Next thing you know, he'll be letting them eat shrimp

be fruitful and multiply

Pope Francis calls Catholic church’s ban on priests having sex “only temporary”.

A thousand-year celibacy strikes me as an awfully long time to avoid temptation, but I’m not Catholic, so I’ll stay out of this one.

The Catholic Church is open to reviewing its thousand-year-old practice of celibacy, Pope Francis has suggested.

He said the ban was only 'temporary' and there was also 'no contradiction' for a priest to marry.

Celibacy was made a requirement by the Catholic Church in the 11th-century for financial reasons, as clergy without children were more likely to leave their wealth to the church. [Is this true? It certainly fits in with my cynical view of the papists — Ed]

The Vatican enforces the rule among priests - but there are growing calls to end the ban.  

It comes after Germany's Catholic Church voted for a resolution requesting that the Pope end the obligation for priests to be celibate.

In an interview with Argentine publication Infobae, Pope Francis, 86, said: 'There is no contradiction for a priest to marry. Celibacy in the western Church is a temporary prescription.

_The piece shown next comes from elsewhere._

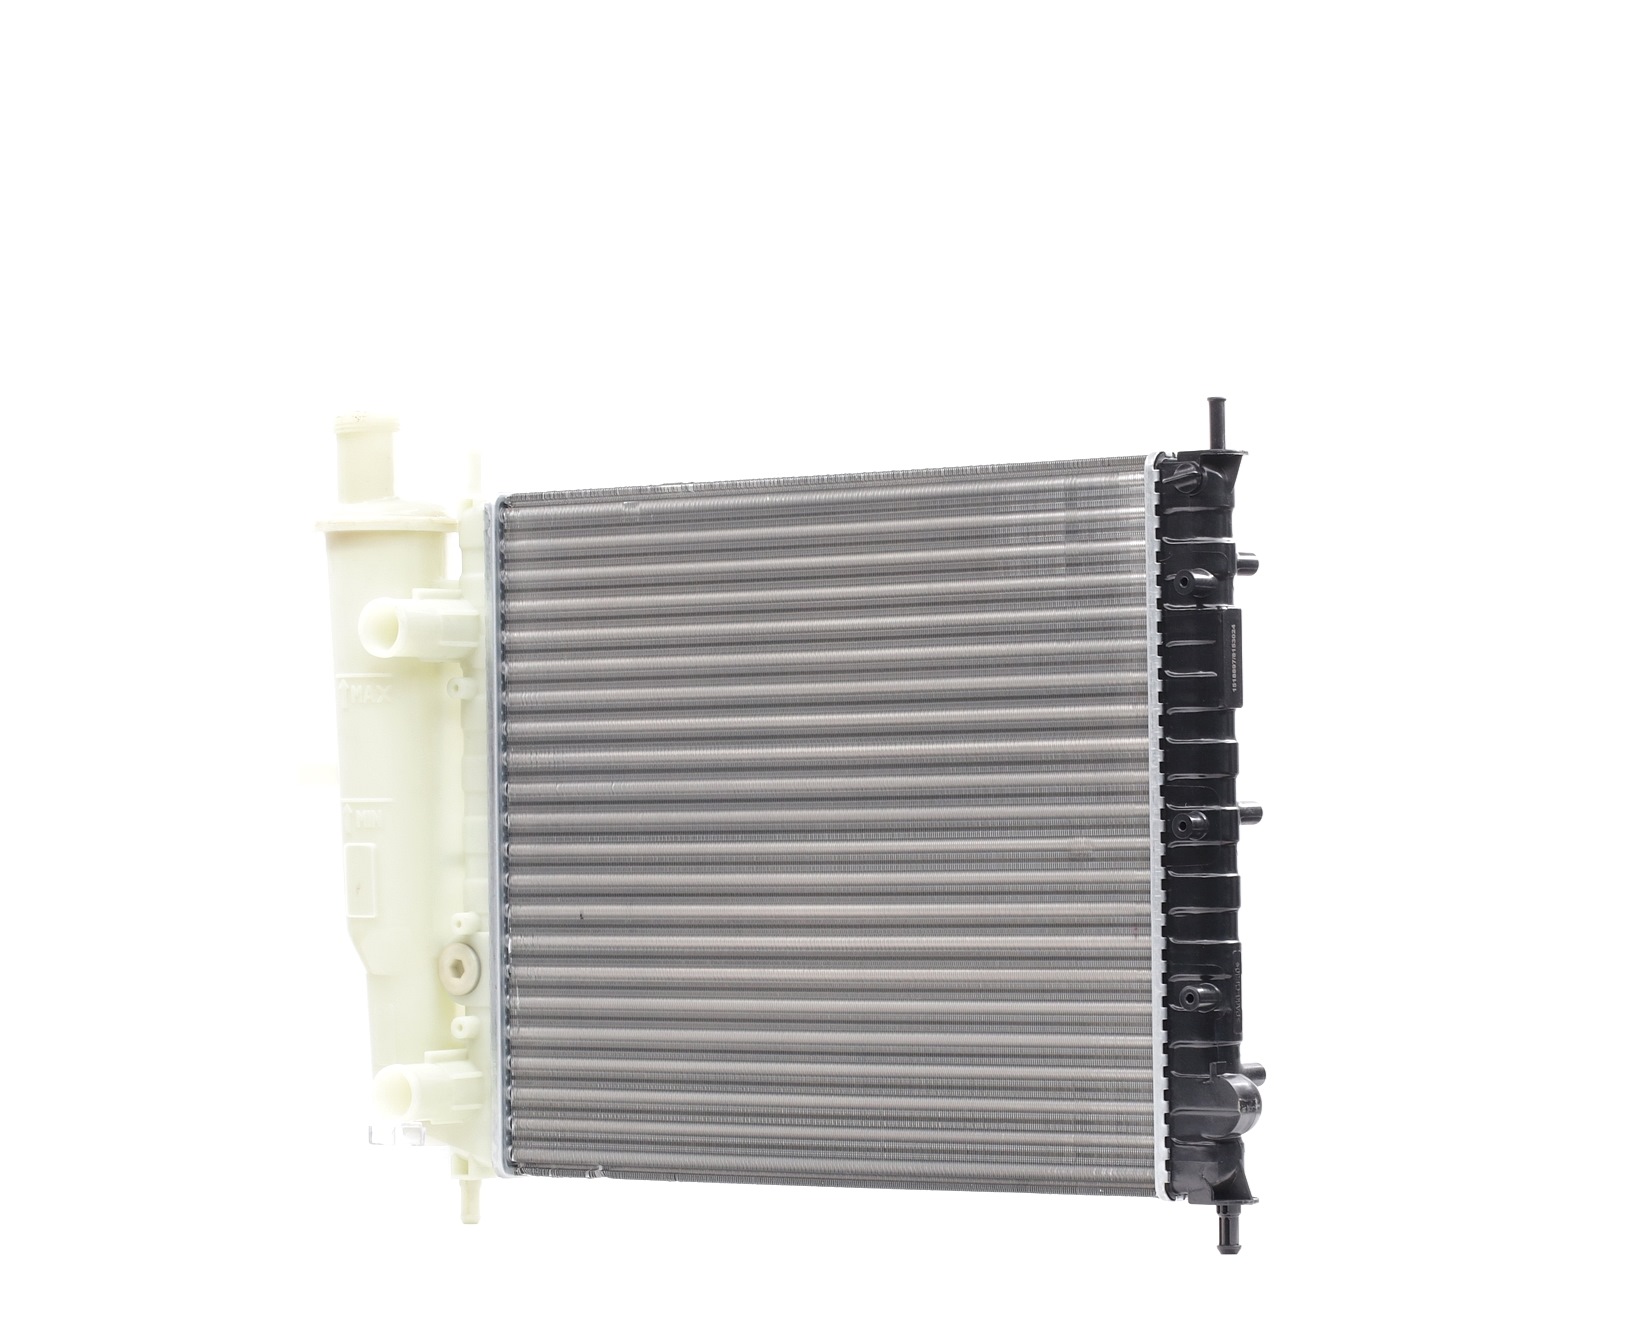 RIDEX 470R0374 Engine radiator Aluminium, 415 x 480 x 23 mm, Mechanically jointed cooling fins

'It is not eternal like priestly ordination, which is for ever whether you like it or not. On the other hand, celibacy is a discipline.'

The Pope also cited the example of the Eastern Church - a branch of Catholicism which allows more leeway - and said: 'Everyone in the Eastern Church is married, or those who want to. Before ordination there is the choice to marry or to be celibate.'

It marks a change from his position in 2019, when he suggested celibacy was a 'gift' to the church and he didn't agree with 'allowing optional celibacy'.

I’m not sure that celibacy was ever a requirement for the priests — ask any altar boy — but the ban on marriage never made sense to this non-Catholic. Except for that money angle, of course.